Greece is the poster child of Europe’s failed system called socialism.

There are 19 nations with serious sovereign debt problems and there is really no way back for them. They may as well all default, because the austerity programs they’d have to follow and at the same time to satisfy creditors, not only is impossible but it signals years of stunted growth and perhaps in many cases the possibility of revolution. Greece certainly fills that bill. We see the eurozone rules may soon be changed, so that eurozone participants can assist one another. That means in time they will all collapse together. As many as five members could need assistance of the 16 in the zone.
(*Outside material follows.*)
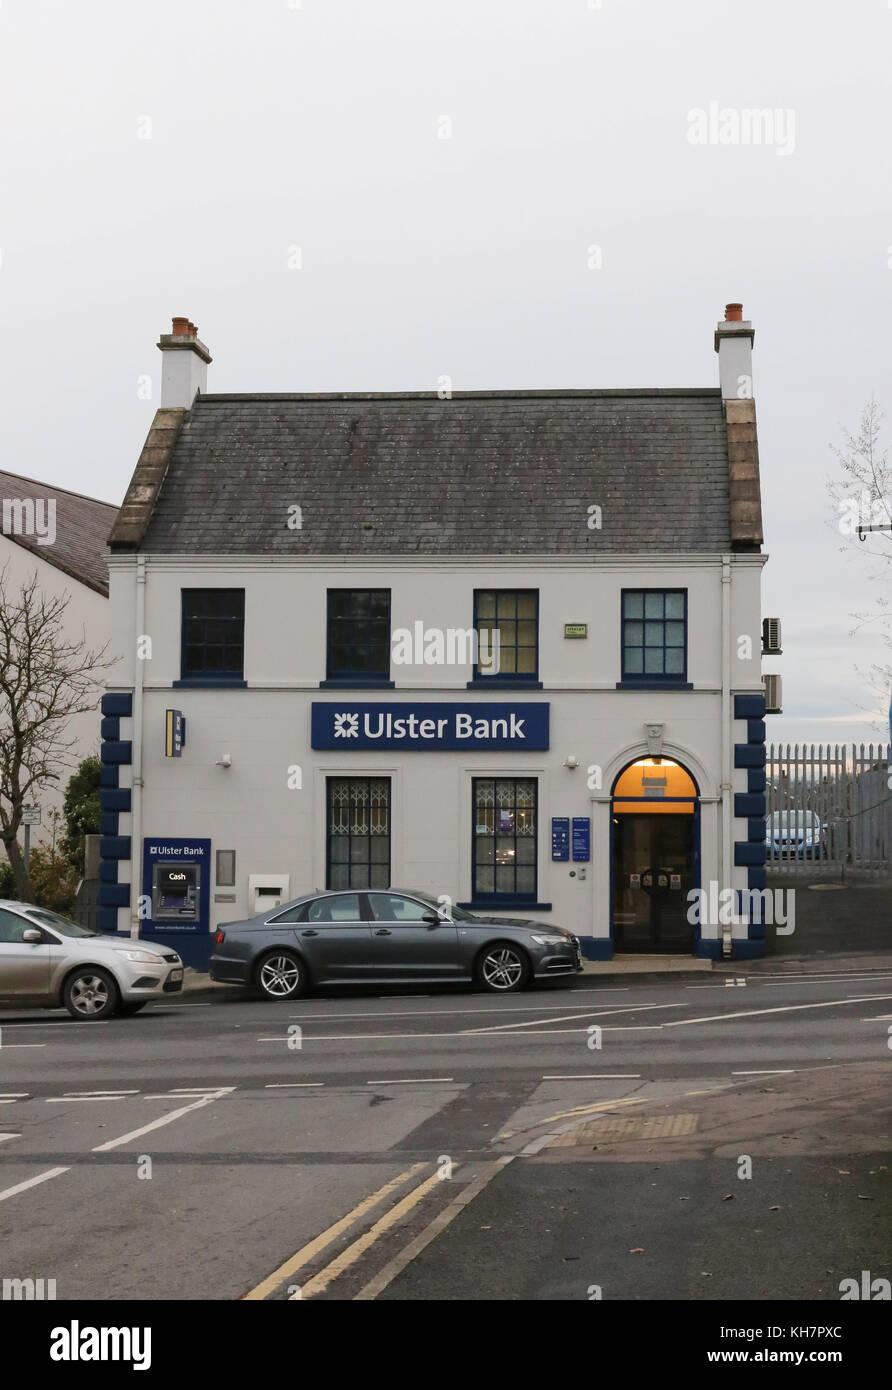 Moira Northern Ireland, UK. 15 November 2017. The Ulster Bank (part of The Royal Bank of Scotland Group) announced - Stock Image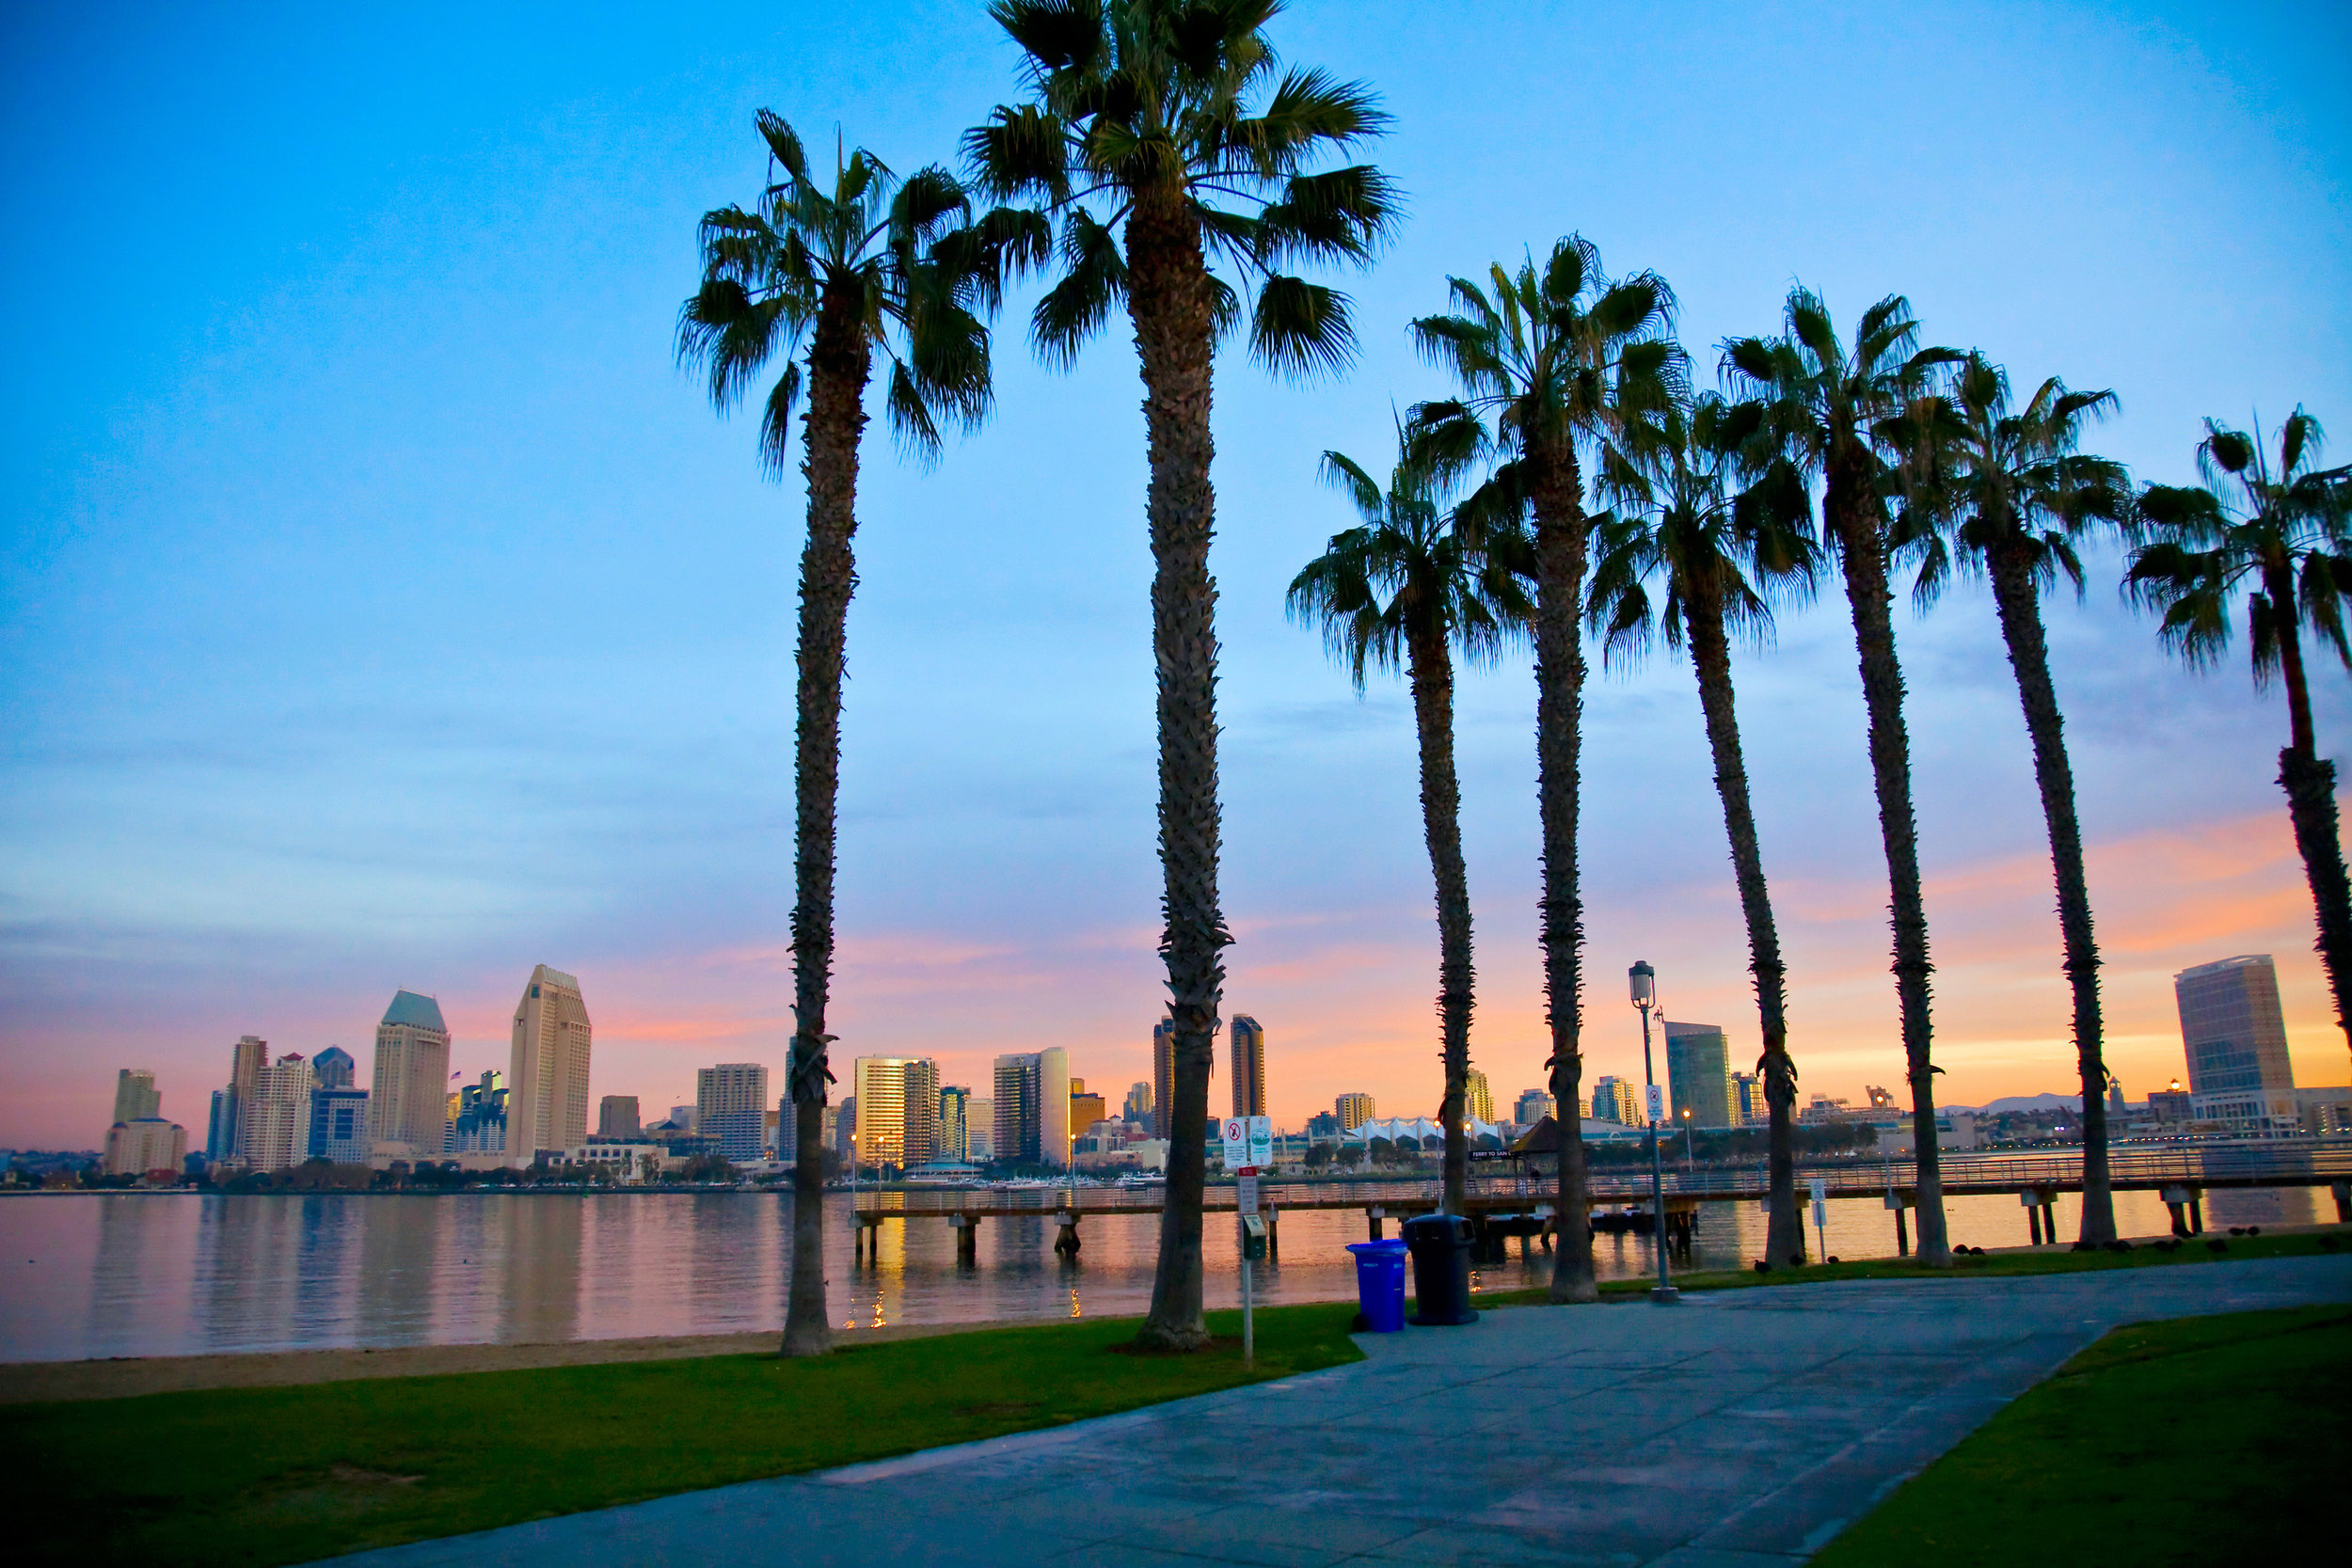 bigstock-San-Diego-from-Ferry-Landing-i-26249672.jpg

Our guess is permanent bailouts will go forward and the ECB rules will be changed to allow the ECB to function like the Fed. Greece and many others are trapped and they will burden the healthy nations and neutralize them. This approach is the ECB nuclear option. It will destroy the zone eventually. This will destroy the euro and end the option of the euro becoming the world reserve currency. The zone would have adopted the same approach as the US and UK in destroying their currencies. How can you have a union with one interest rate, where the ECB controls the monetary policy, but cannot control the budget deficits, borrowing and spending activities of its members?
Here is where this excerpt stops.